Besides exchange rate controls, China also has an array of schemes to regulate the size and extent of portfolio flows entering and exiting the country.
Inbound flows are regulated by quota based schemes for institutional investors like the Qualified Financial Institutional Investor (QFII) and its RMB counterpart, called RQFII. Two-way flow schemes include the Shanghai-Hong Kong stock connect, the Shenzhen-Hong Kong stock connect and the bond connect. Regulations on outbound retail flows have been stricter and authorities have sporadically suspended the Qualified Domestic Institutional Investor (QDII) scheme, the only scheme for retail investors to invest abroad.
Constraints to Internationalization
As a result of these controls, foreign holding of Chinese bonds and stocks is still in the low single digits, a very shallow level relative to its economic heft.
The longstanding bottleneck towards full RMB internationalization is the shallow and unsophisticated nature of China’s financial markets that cannot withstand the large volumes and volatility associated with international financial flows. This lack of depth can cause sudden spikes or crashes in asset prices as big money moves in or out of the country. Moreover, Chinese brokerages are far behind international standards in terms of their technological capabilities – several of them still trade manually. Quant funds have been asked to submit their orders to each broker manually since the stock market crash of 2015.
To achieve fuller RMB internationalization, China needs to open up its capital account and allow global flows into and (especially) out of the country or in economic parlance, let the RMB be ‘convertible on capital account’. However, the pilot project on RMB convertibility in the Shanghai Free Trade Zone (FTZ) was put on hold after the August 2015 depreciation, barely six months after its launch as capital controls were imposed to stop money from leaving the country.
A more fundamental problem is the lack of independence of the PBoC and other regulatory bodies. Financial market participants are often used to fund bailouts and steer the domestic credit cycle. A set of local brokerages, mutual funds, insurance firms and other local entities (dubbed the ‘National Team’) were asked to support the equity market during the stock market crashes in June 2015 and October 2018. In February 2019 the government issued a policy directive explicitly asking the PBoC to cut the required reserve ratio to boost bank lending and the banking regulator to be more tolerant of non-performing loans.
In Perspective
Looking at historical precedents for internationalized currencies shows that the RMB’s position is unique.
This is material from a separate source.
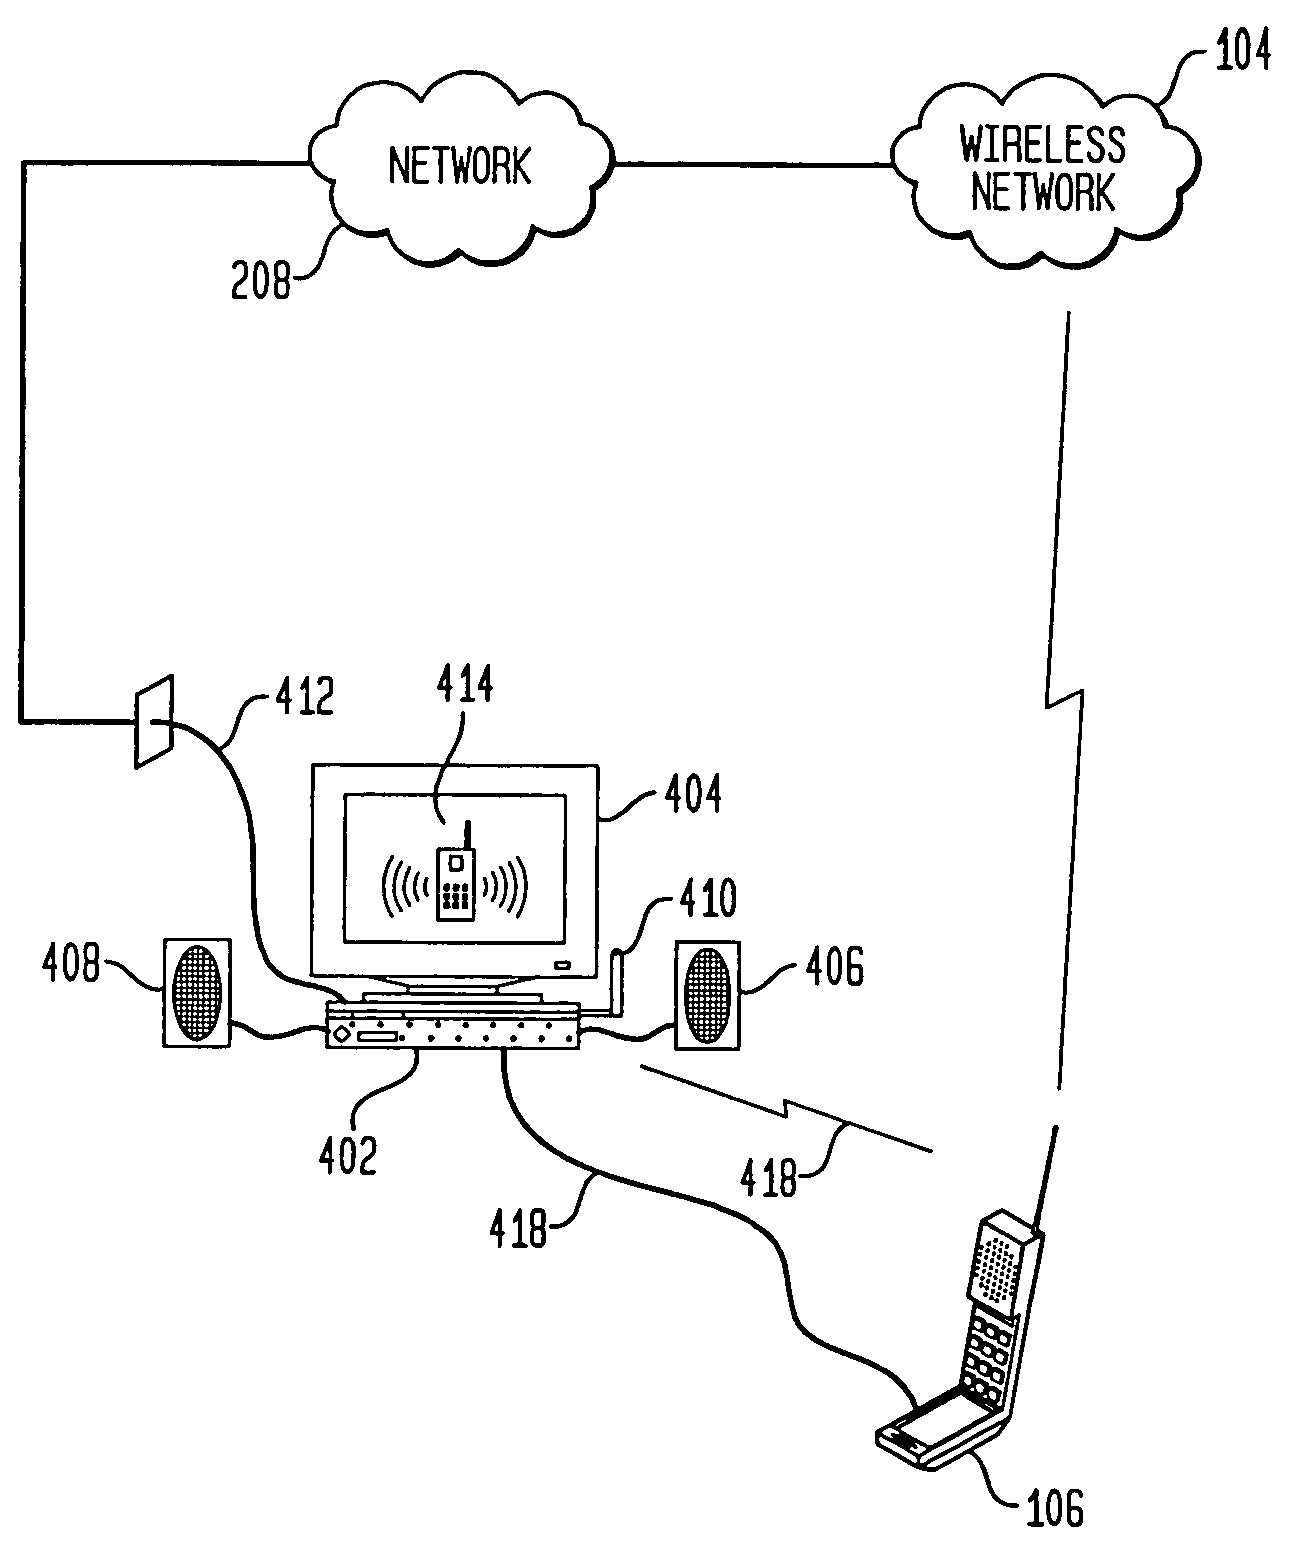 Centralized display for mobile devices

In contrast to the US Dollar, Deutsche Mark and the Japanese Yen whose internationalization was driven by market forces, RMB internationalization is state led. So the extent of RMB internationalization will always be subject to the government’s relative priorities between furthering RMB internationalization and manipulating financial market participants to fix other problems in the economy. Coupled with the subordinate status of financial regulators to the government, it puts a line in the sand for RMB internationalization.